The data is (arguably) bimodal, with two peaks. The first large peak is clustered around 70 years of age while a second smaller cluster is around 50 years of age.
Now let’s have a look at the distribution for internet use rates.

The largest peak by far is between 0 – 10% internet use rate. This looks to be about 25% of the data distribution overall, so most countries have less internet access for less than half their population. I’d argue that the data is a unimodel distribution, although I suppose a second smaller peak is found at the 40% mark.
Let’s try graphing some of the binned data, which includes binned employment rates.

If we do this we can see that the data is fairly uniformally distributed, which we would expect given how the qcut function in Python works.

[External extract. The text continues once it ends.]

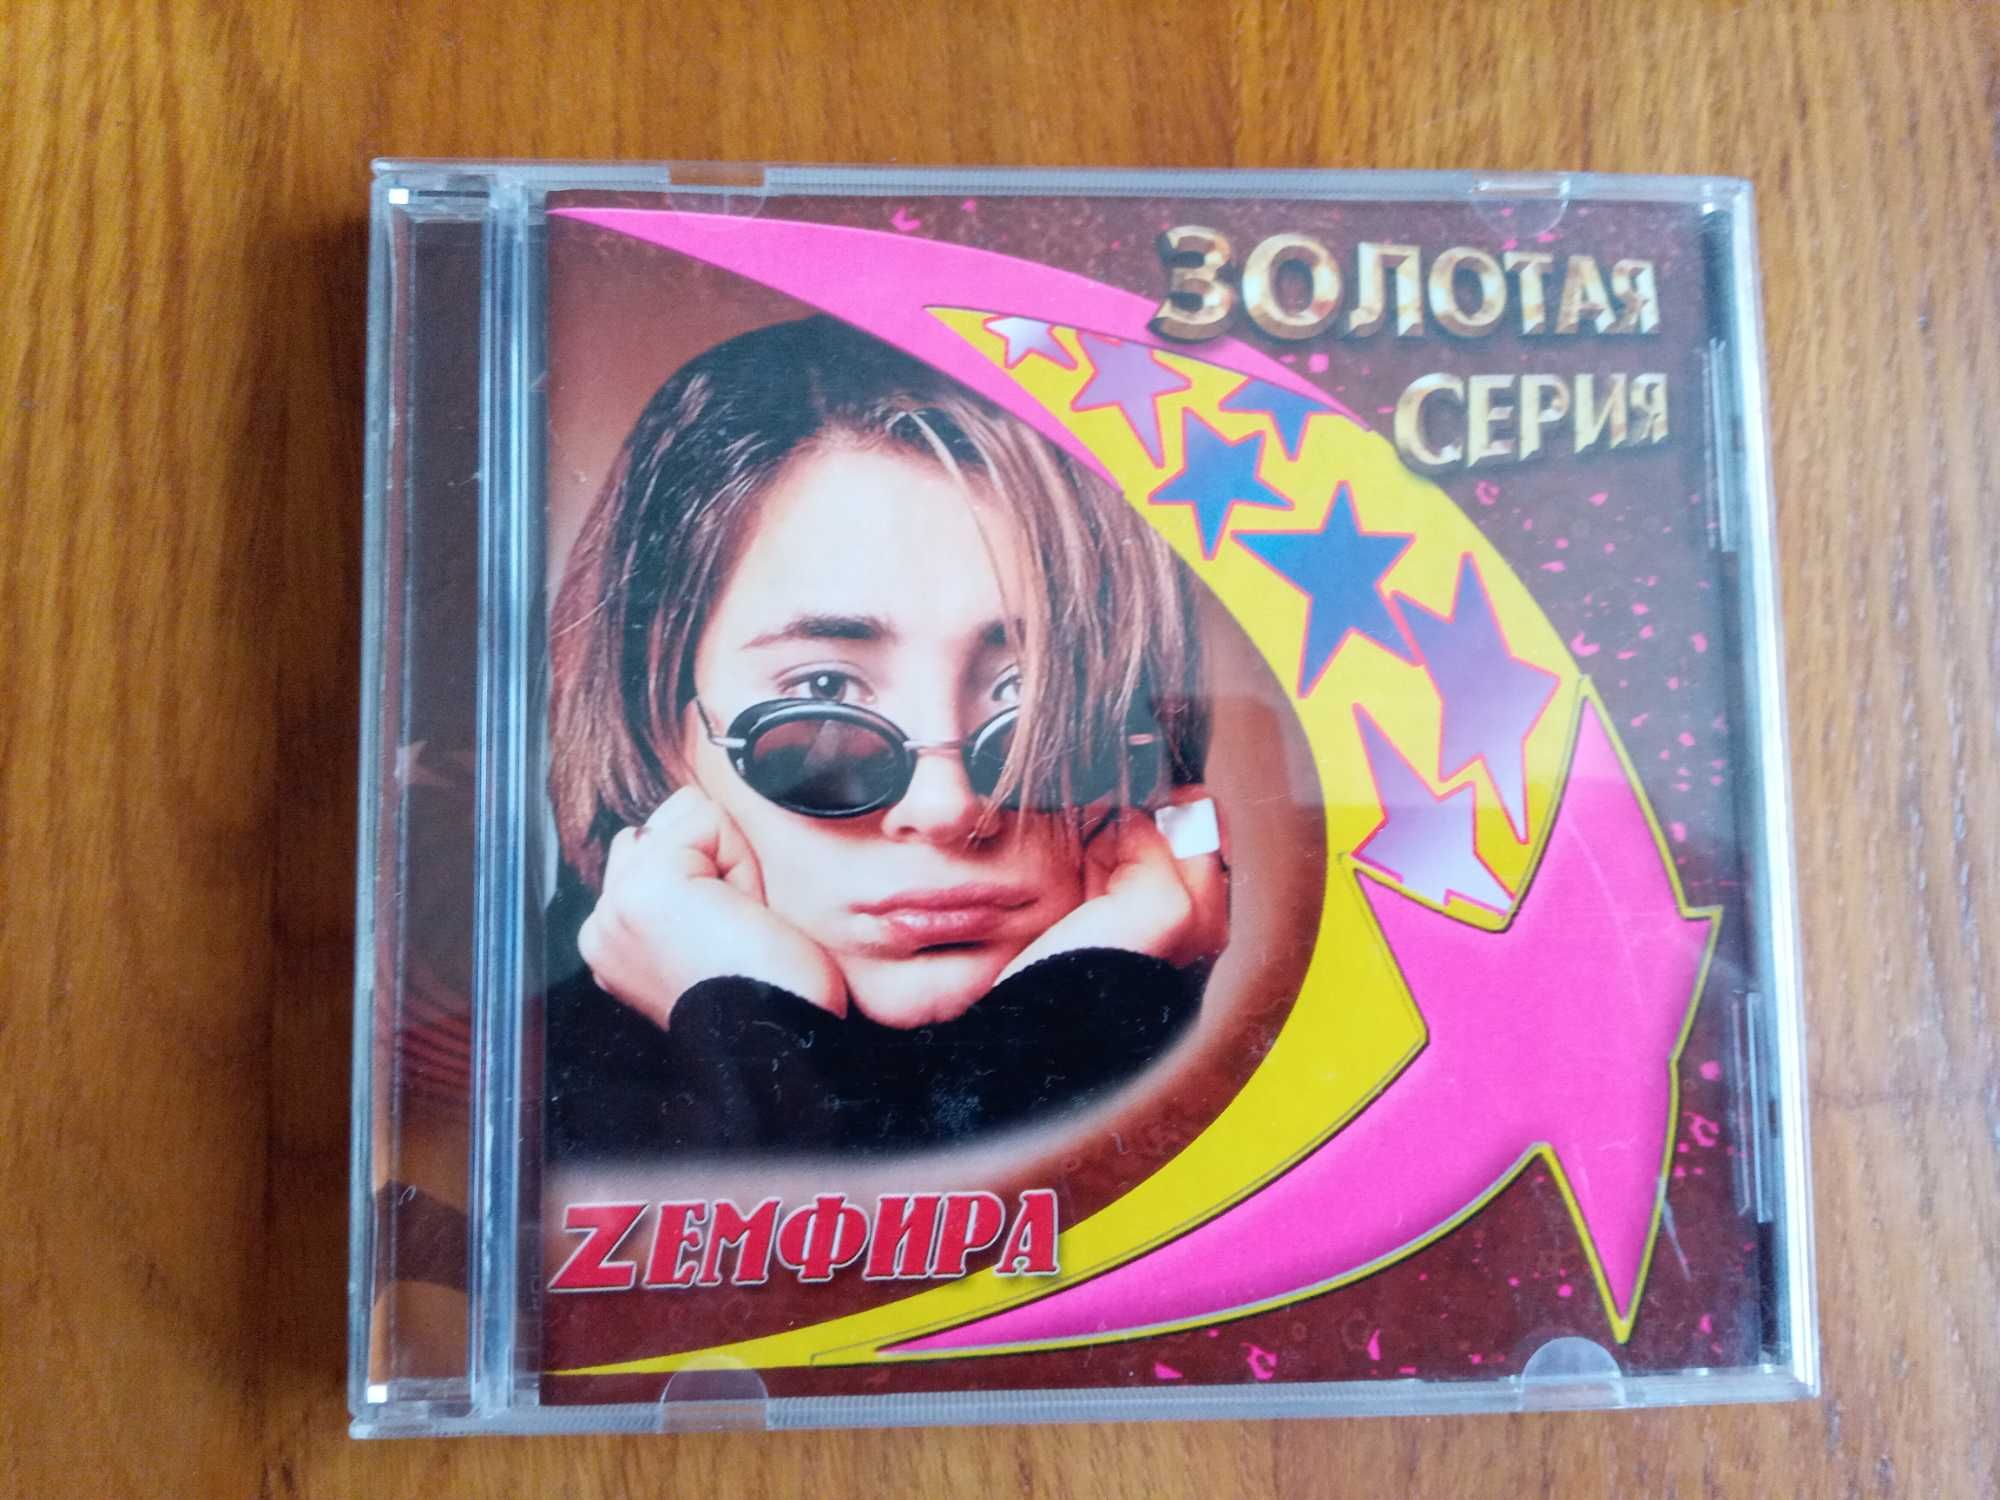 Золотая Серия фирменный CD диск сборник лучших песен Земфира

However, there is a small bump around the 30th percentile and a small fall near the 40th percentile.
Now let’s try creating scatter plots for the continuous variables. First, we’ll try plotting the relationship between breast cancer diagnosis per 100k and internet use rate.

There seems to be a strong positive correlation between internet use rate and breast cancer diagnosis rates. Here’s an example of why we should be careful about inferring causation from correlation. It’s highly unlikely there’s some kind of causal mechanism between internet usage and breast cancer rates.
Now let’s try graphing the relationship between internet use rate and life expectancy.

There also seems to be a roughly positive correlation between internet use rate and life expectancy. There’s a massive increase in life expectancy as internet use rises from 0 to 20%, followed by a slower increase.
Now let’s try graphing the relationship between internet use and employment rates.

Here’s something I was a little surprised to find. It looks as if there’s a relationship between internet use and employment rate that’s roughly parabolic in nature. It looks as if there’s a decline in employment rate internet saturation increases up until the approximately 50% mark, and then the rate increases again.